● **DATASET CONTENT**
★ ★ ★ ★

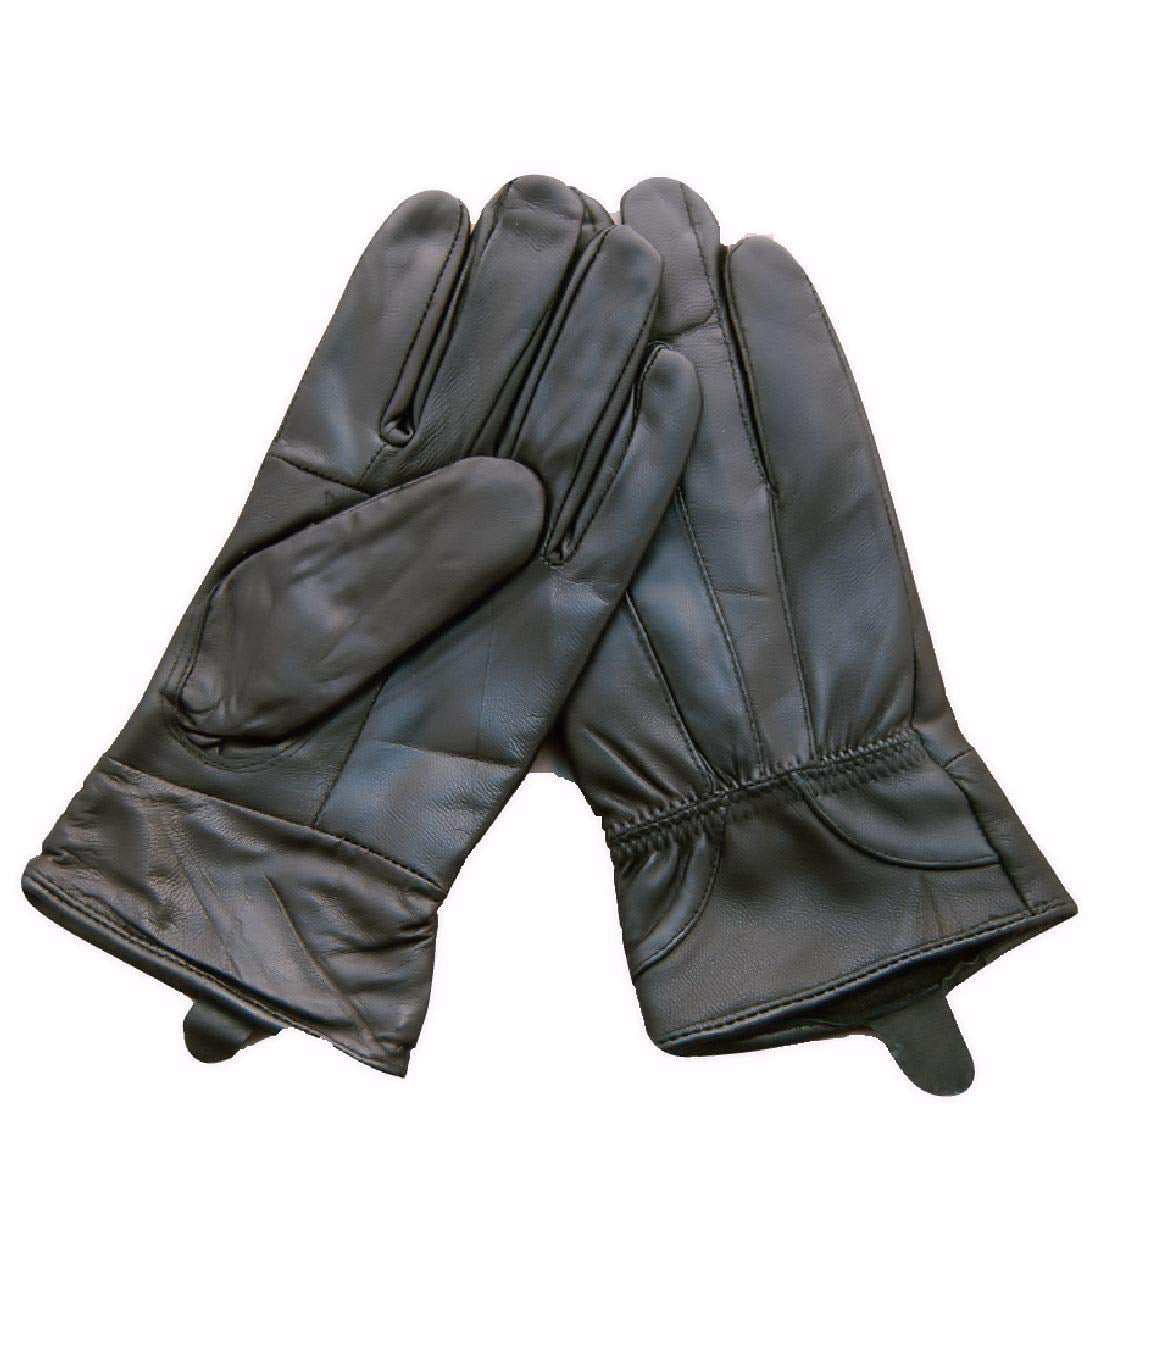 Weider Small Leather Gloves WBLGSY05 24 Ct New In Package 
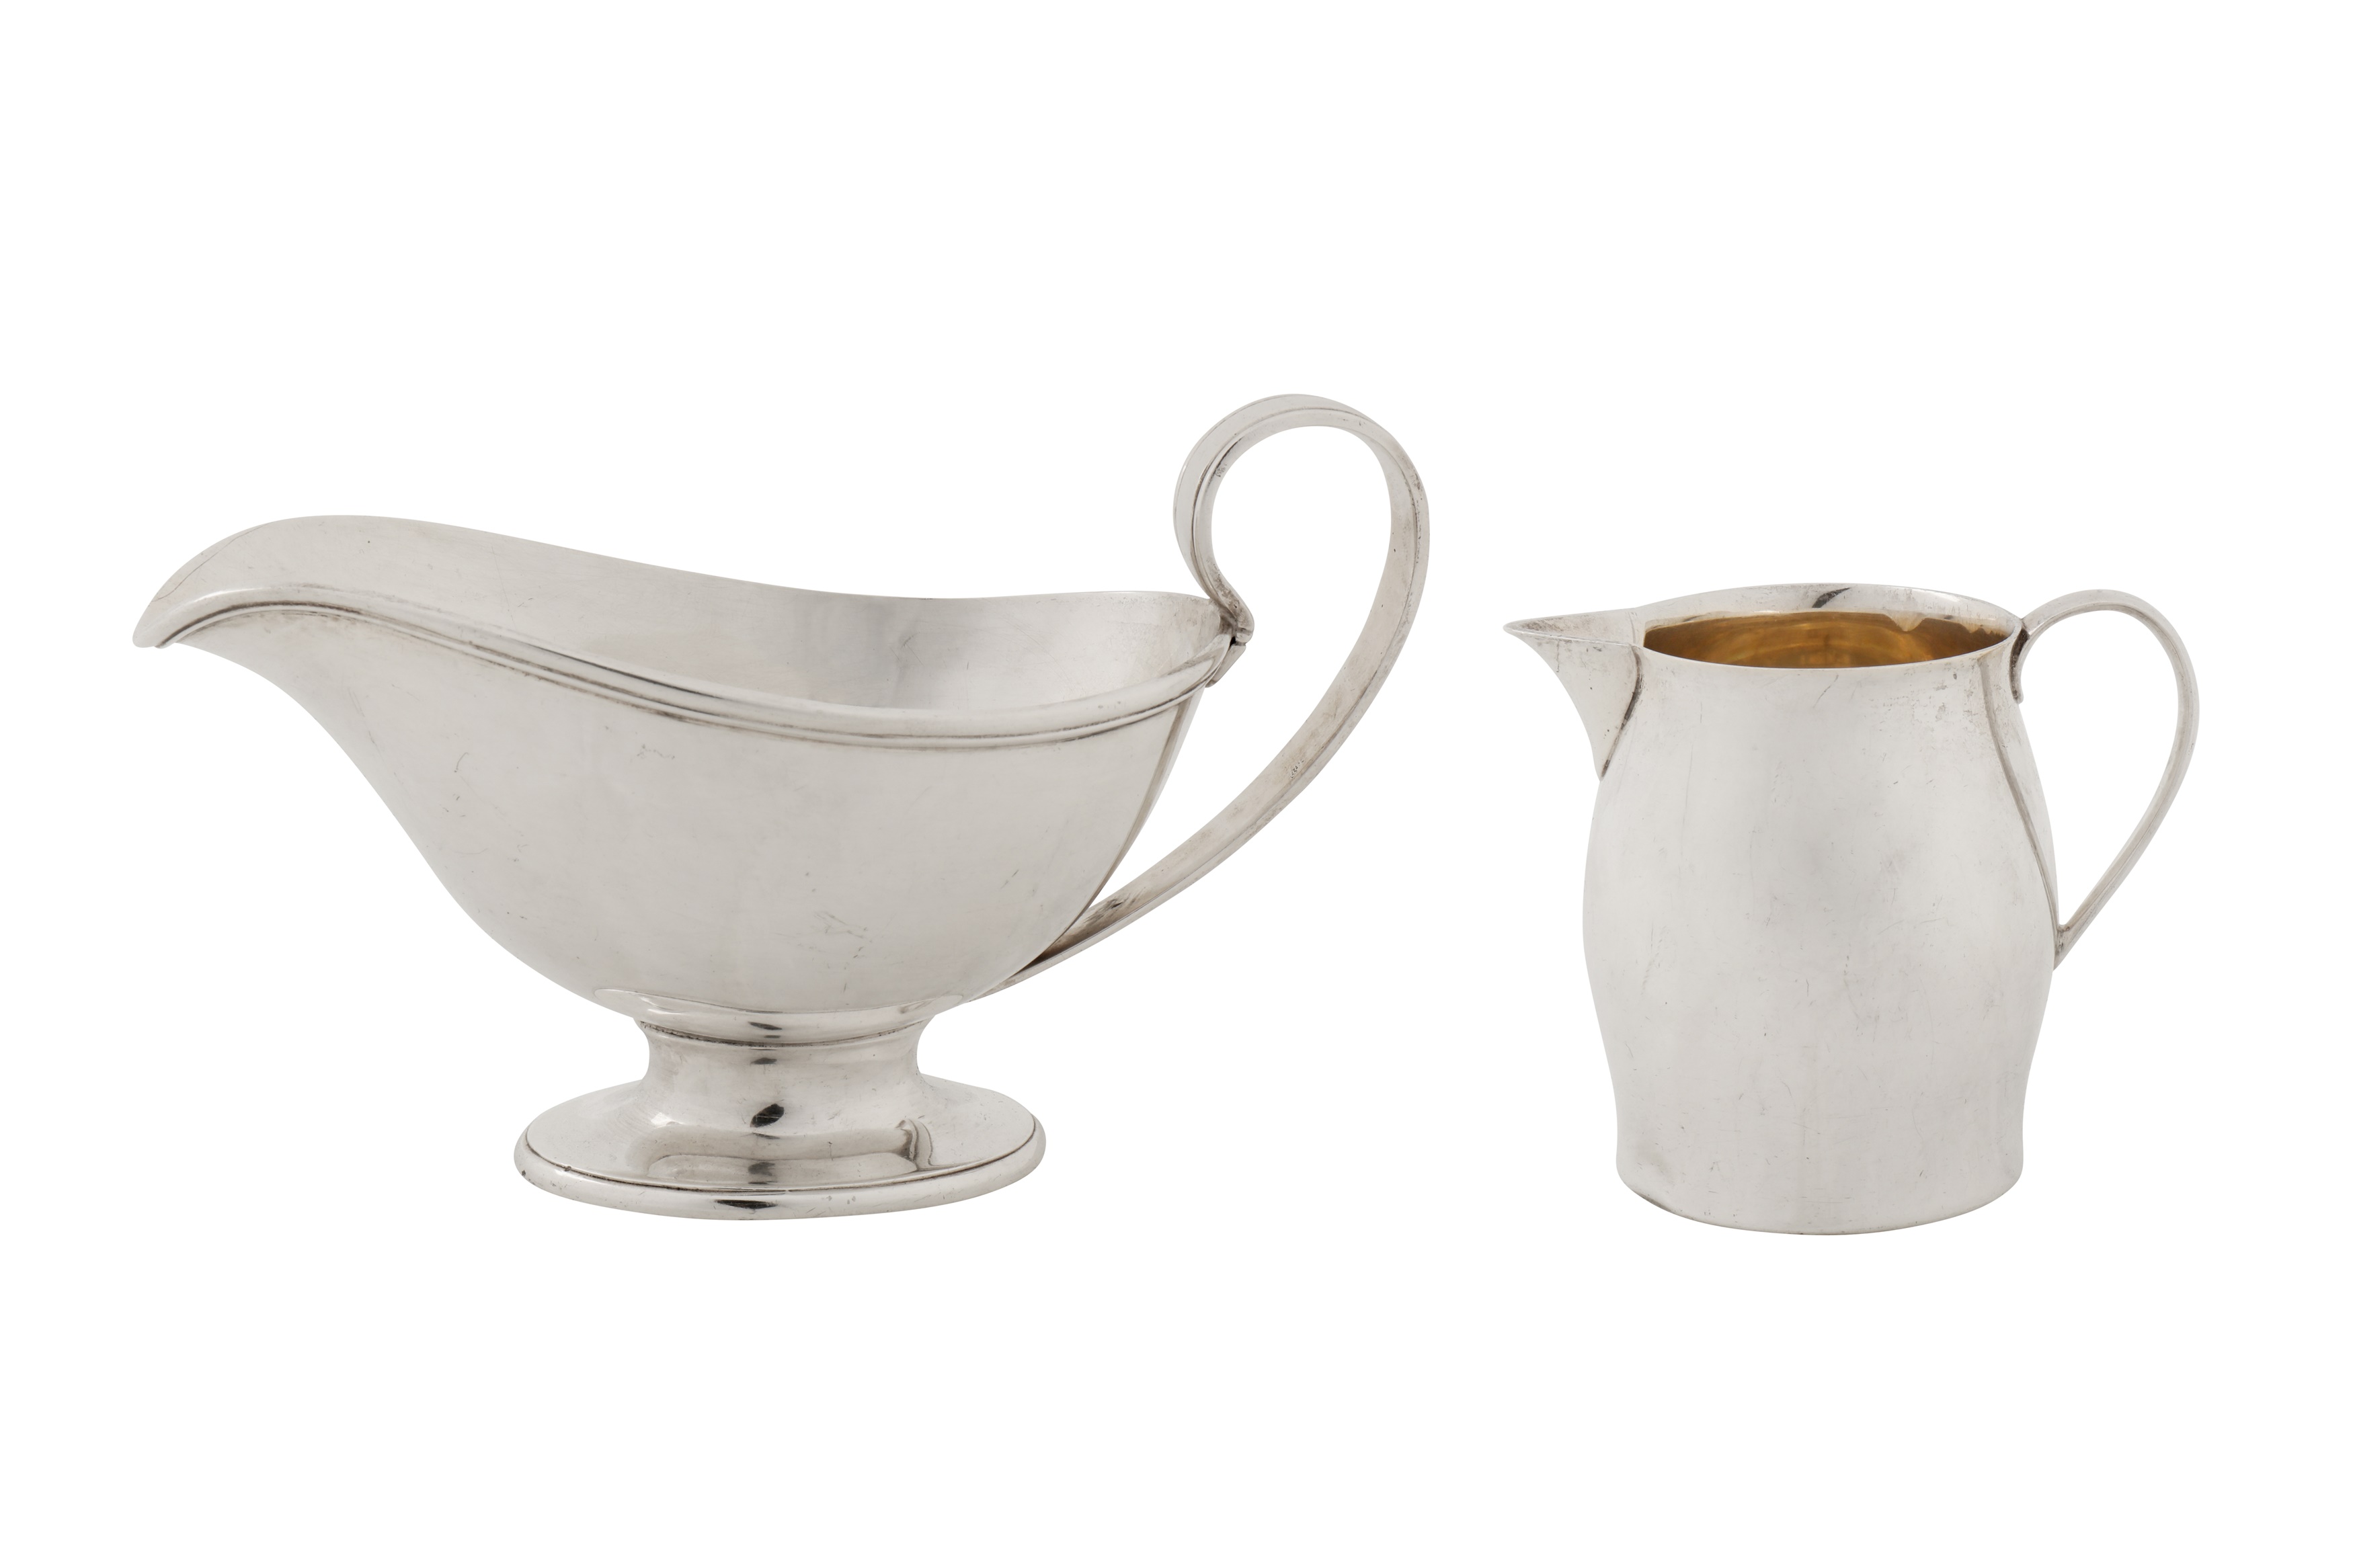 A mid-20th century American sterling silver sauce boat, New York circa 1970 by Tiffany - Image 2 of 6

★ ★ ★ ★

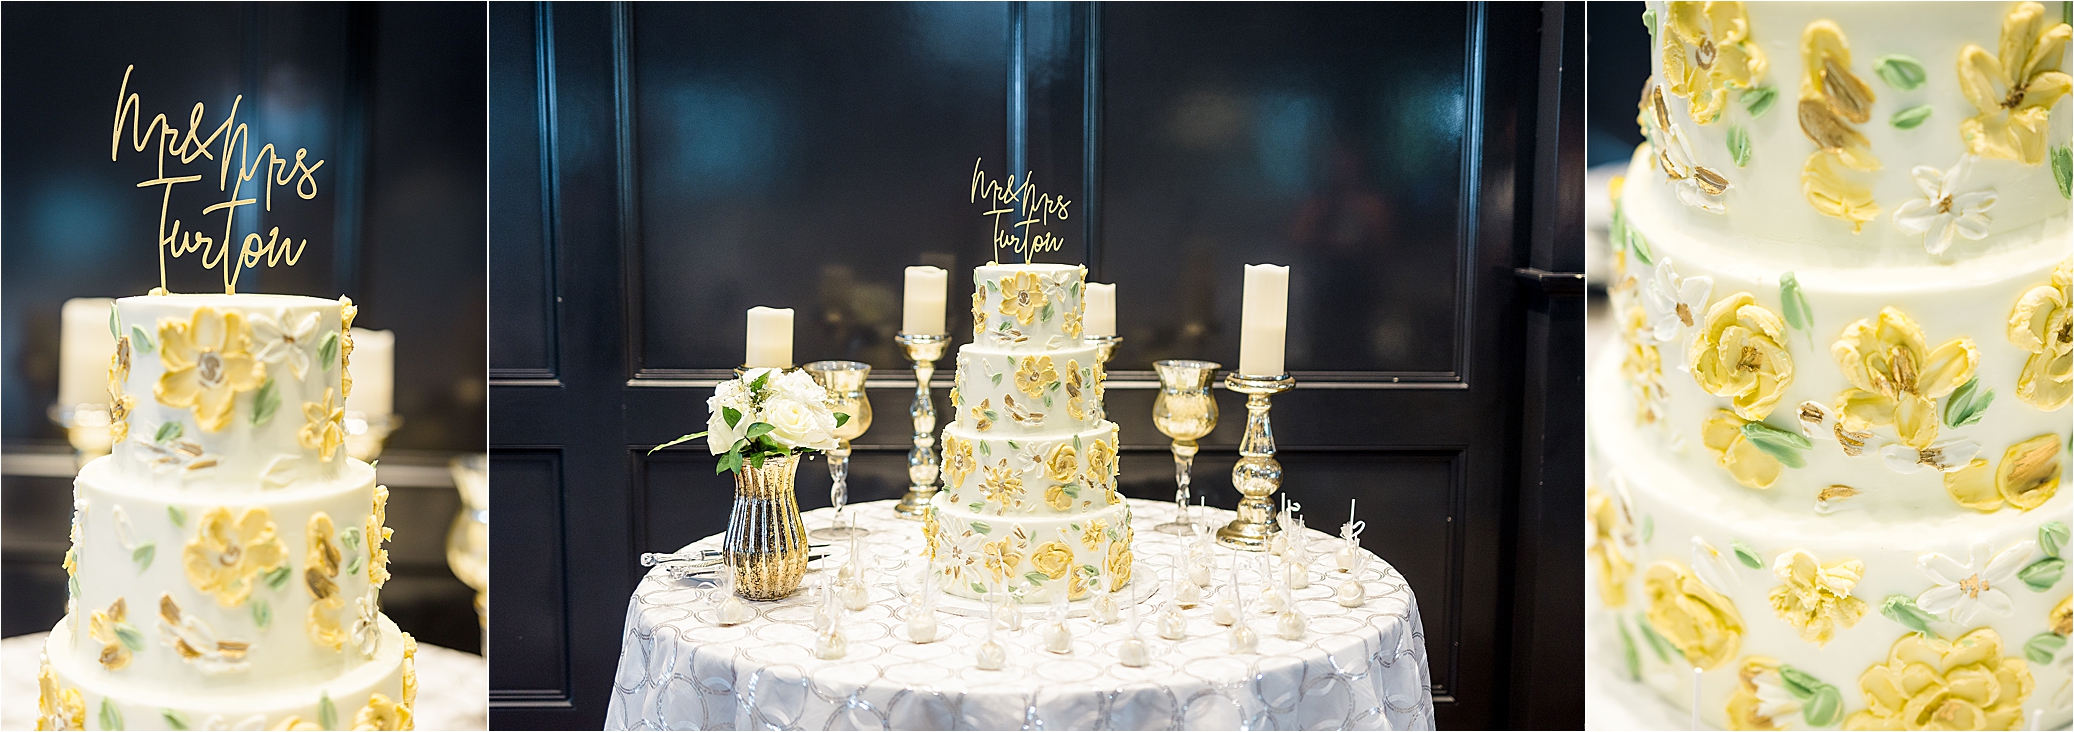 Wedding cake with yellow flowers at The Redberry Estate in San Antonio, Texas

★ ★ ★ ★

● **TASK PROMPT**
Working from the entries above, reproduce exactly and only the lines beginning with the line that has "Weider Small Leather" and ending with the line that has "A mid-20th century"; omit all pictures.

● **SOLUTION**
 Weider Small Leather Gloves WBLGSY05 24 Ct New In Package 
 A mid-20th century American sterling silver sauce boat, New York circa 1970 by Tiffany - Image 2 of 6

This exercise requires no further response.